WHAT IS REQUIRED: All of the data goes into your copy exactly as written. Images do not.

──────── GIVEN INFORMATION

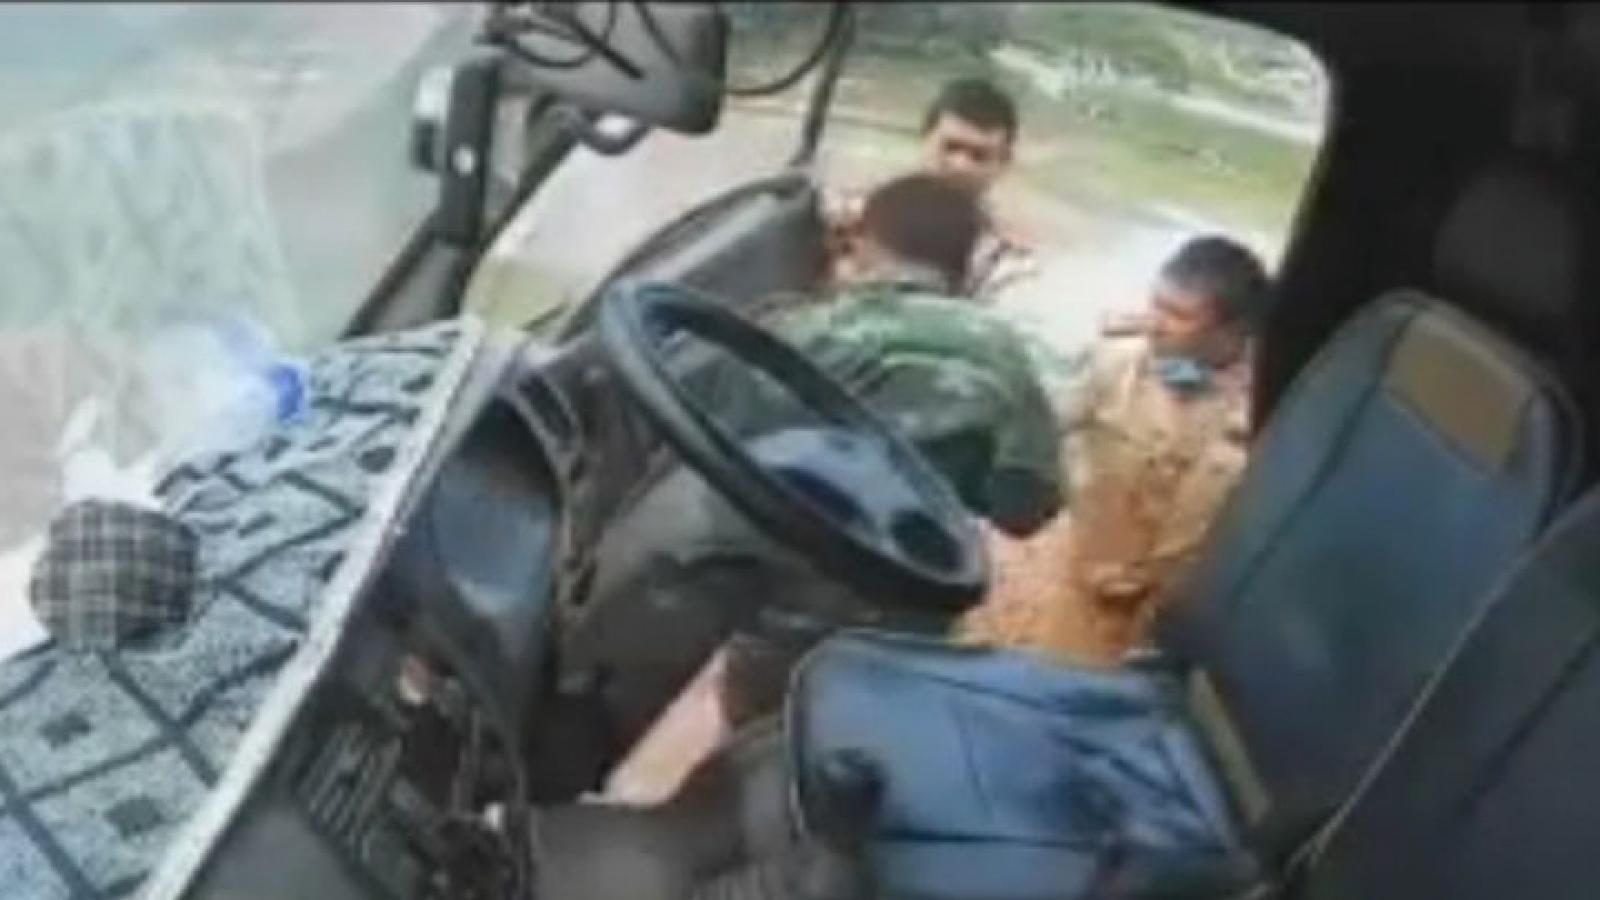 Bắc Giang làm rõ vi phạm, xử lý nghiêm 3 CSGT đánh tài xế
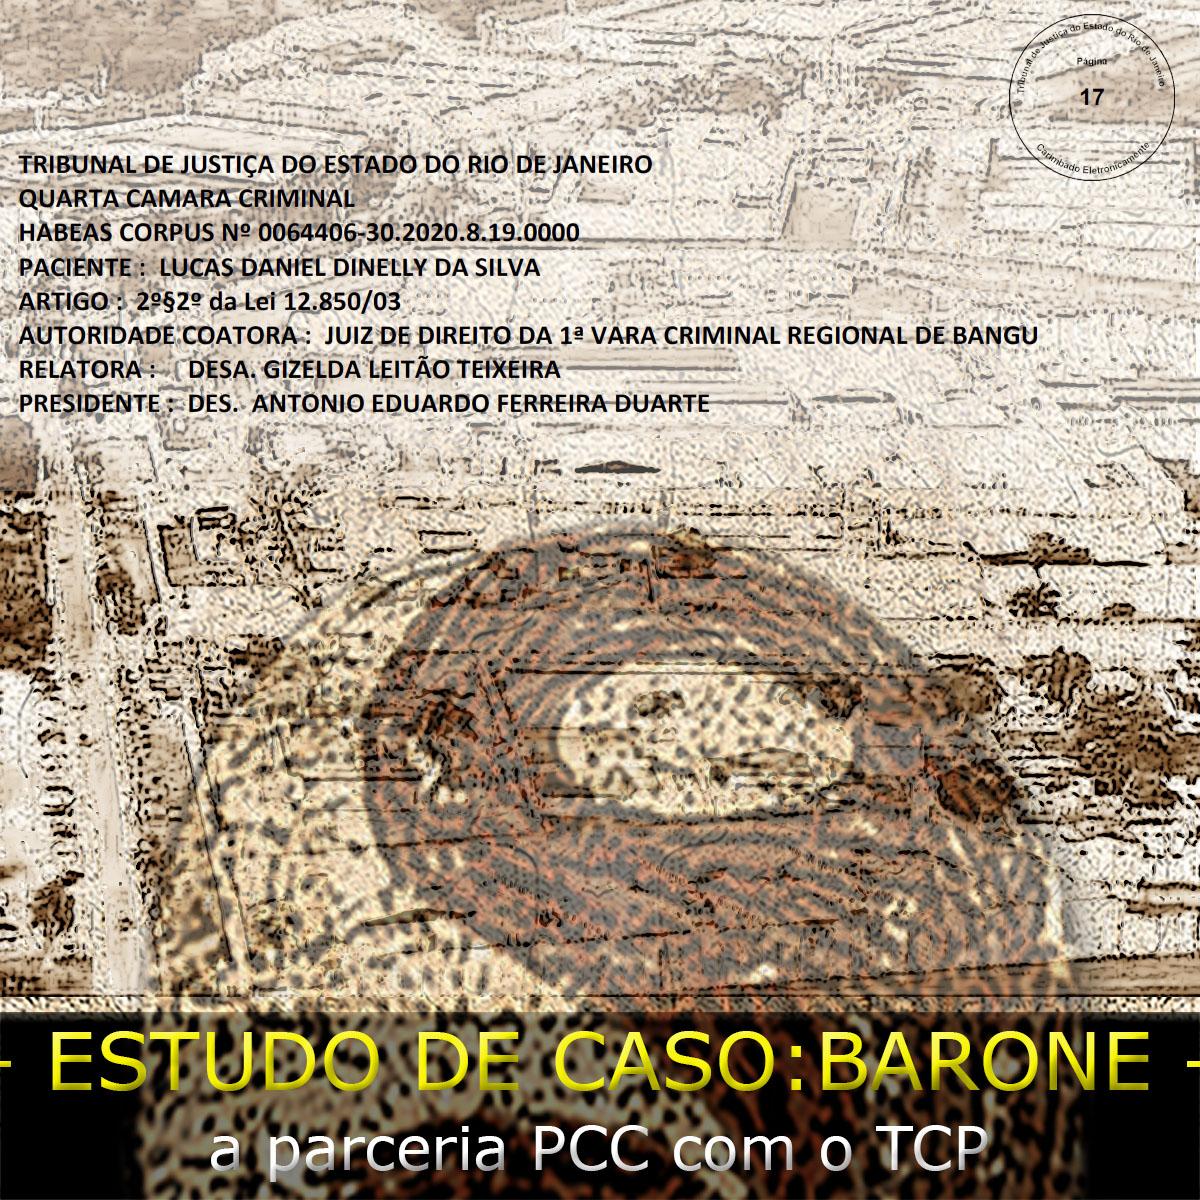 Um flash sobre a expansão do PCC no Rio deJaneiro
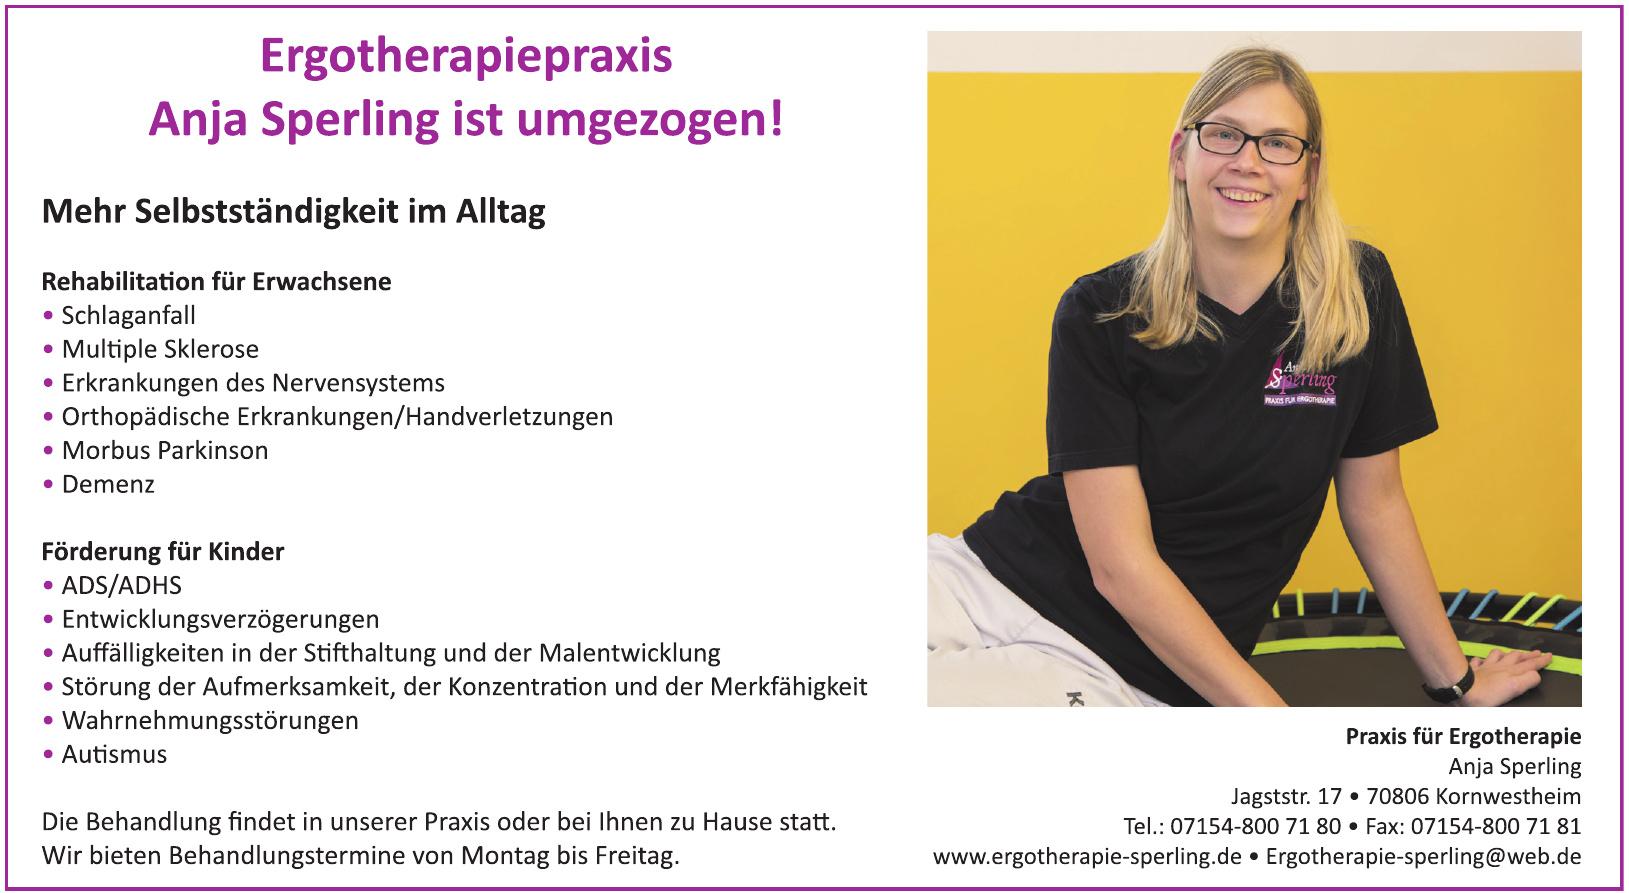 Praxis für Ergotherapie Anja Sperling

────────────────

RESPONSE BOX:
 Bắc Giang làm rõ vi phạm, xử lý nghiêm 3 CSGT đánh tài xế
 Um flash sobre a expansão do PCC no Rio deJaneiro
 Praxis für Ergotherapie Anja Sperling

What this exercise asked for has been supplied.